RE: disk performance still wrecked in 2.4!

Daniel Summer (dvdan23@hotmail.com)
Wed, 28 Jun 2000 11:43:02 EDT


Hello kernel hackers. I have been concerned about a serious performance
issue affecting bonnie disk benchmark results that has persisted throughout
2.3 and 2.4 development. This issue has been brought up many times on this
list and there doesn't seem to be a consensus as to what the origin of the
problem is. Some have pointed to the elevator code, some to the VM
subsystem, some to the block interfaces.

Joel Jacobsen of 3ware pointed out that these poor benchmark results may
arise from problems with the buffer cache (see his comments below). I went
ahead and ran some benchmarks with different quantities of RAM across 2.2
and 2.4 to see if I could shed some light on this.
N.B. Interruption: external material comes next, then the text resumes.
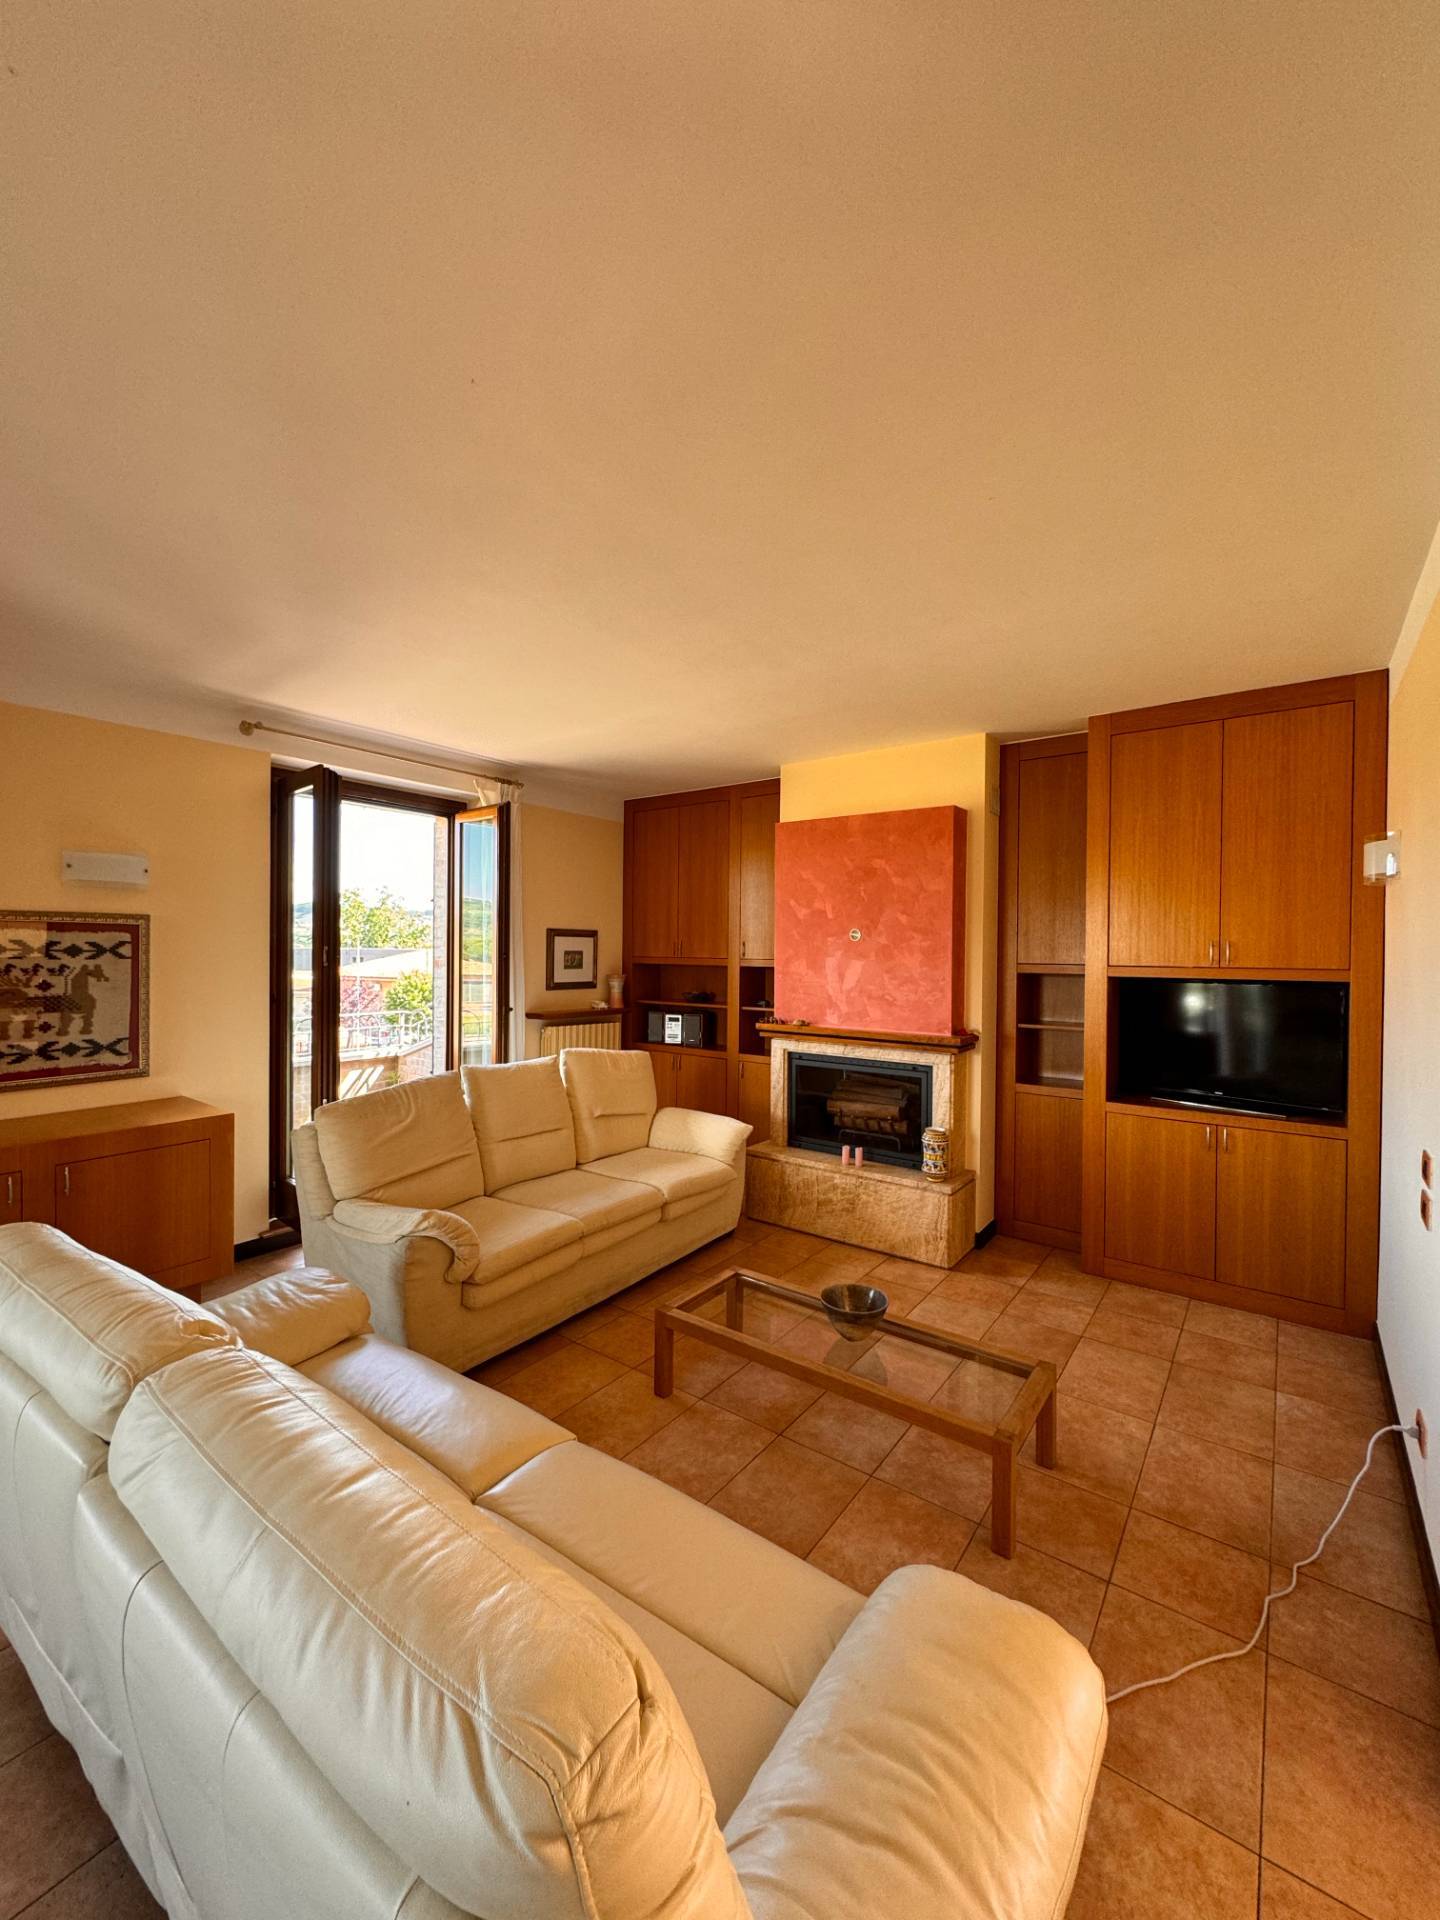 Foto - Appartamento In Vendita Servigliano (fm)

I found that bumping the RAM from 512megs to a gig gives a huge performance
boost under 2.4 and makes little to no impact under 2.2.16. Even with a gig
of RAM though, 2.4 still performs much worse than 2.2 at sequential reads.

So what does this mean? does anyone else agree that the buffer cache may be
where this problem is coming from?

Kernel 2.2.16, 512 megs RAM
-------Sequential Output-------- ---Sequential Input-- --Random--
-Per Char- --Block--- -Rewrite-- -Per Char- --Block--- --Seeks---
K/sec %CPU K/sec %CPU K/sec %CPU K/sec %CPU K/sec %CPU /sec %CPU
9274 99.3 24344 22.8 15534 33.9 8935 93.1 45774 38.8 379.0 4.4

Kernel 2.2.16, 1024 megs RAM
-------Sequential Output-------- ---Sequential Input-- --Random--
-Per Char- --Block--- -Rewrite-- -Per Char- --Block--- --Seeks---
K/sec %CPU K/sec %CPU K/sec %CPU K/sec %CPU K/sec %CPU /sec %CPU
9318 99.6 26659 24.9 15988 33.9 8731 91.2 45424 39.1 555.8 11.5

Kernel 2.4.0 Test2 AC2, 512 megs RAM
-------Sequential Output-------- ---Sequential Input-- --Random--
-Per Char- --Block--- -Rewrite-- -Per Char- --Block--- --Seeks---
K/sec %CPU K/sec %CPU K/sec %CPU K/sec %CPU K/sec %CPU /sec %CPU
8913 93.3 22391 17.9 6140 8.4 6076 63.9 9334 8.0 366.3 7.2

Kernel 2.4.0 Test2 AC2, 1024 megs RAM
-------Sequential Output-------- ---Sequential Input-- --Random--
-Per Char- --Block--- -Rewrite-- -Per Char- --Block--- --Seeks---
K/sec %CPU K/sec %CPU K/sec %CPU K/sec %CPU K/sec %CPU /sec %CPU
9254 96.6 27400 23.9 12104 13.4 7627 78.6 27194 16.6 480.7 7.8

>From: Joel Jacobson <jjacobson@3WARE.com>
>Subject: RE: block device performance still wrecked in 2.4!
>
>the next time you run this, keep an eye on the drive light that corresponds
>to your swap file - the buffer cache was very greedy in the 2.3.* tree, and
>you might find that you're actually *paging* as a result. there has been a
>*tremendous* amount of work on the buffer cache lately, so maybe this is
>being addressed...
>
>if you find the above is not the case, i have also done a bit of poking
>around in the buffer cache code and have found the *easiest* way to bump up
>the speed was to change the definition of NBUF in fs/block_dev.c to 512 (it
>was 64 the last time i looked in 2.3.99-pre5). in effect, this tweaks the
>read-ahead code for the file system. it's a mean thing to do for dumb (ie
>slow) controllers, but ours seems to handle it just fine. if you're doing
>a
>lot of streaming reads, this should improve things considerably. if you're
>doing a lot of random seeking, it might help some but it'll depend a lot of
>other variables.
>
>the other possible cause here is the elevator code. i've tried turning it
>off, but either i wasnt successfull in the attempt, or that's not the
>problem. in any event, there has been considerable amount of work on that
>stuff as well lately, as a tangenital discussion to the aforementioned
>buffer cache work (and i suspect they're pretty closely related).
>
>- j
>

> > -----Original Message-----
> > From: DV LABS [mailto:dvdan23@hotmail.com]
> > Subject: block device performance still wrecked in 2.4!
> >
> >
> > Calling all kernel hackers,
> >
> > The block device interface is still choking for some reason, I see
> > an 80% performance hit on disk read throughput going from 2.2 to 2.4.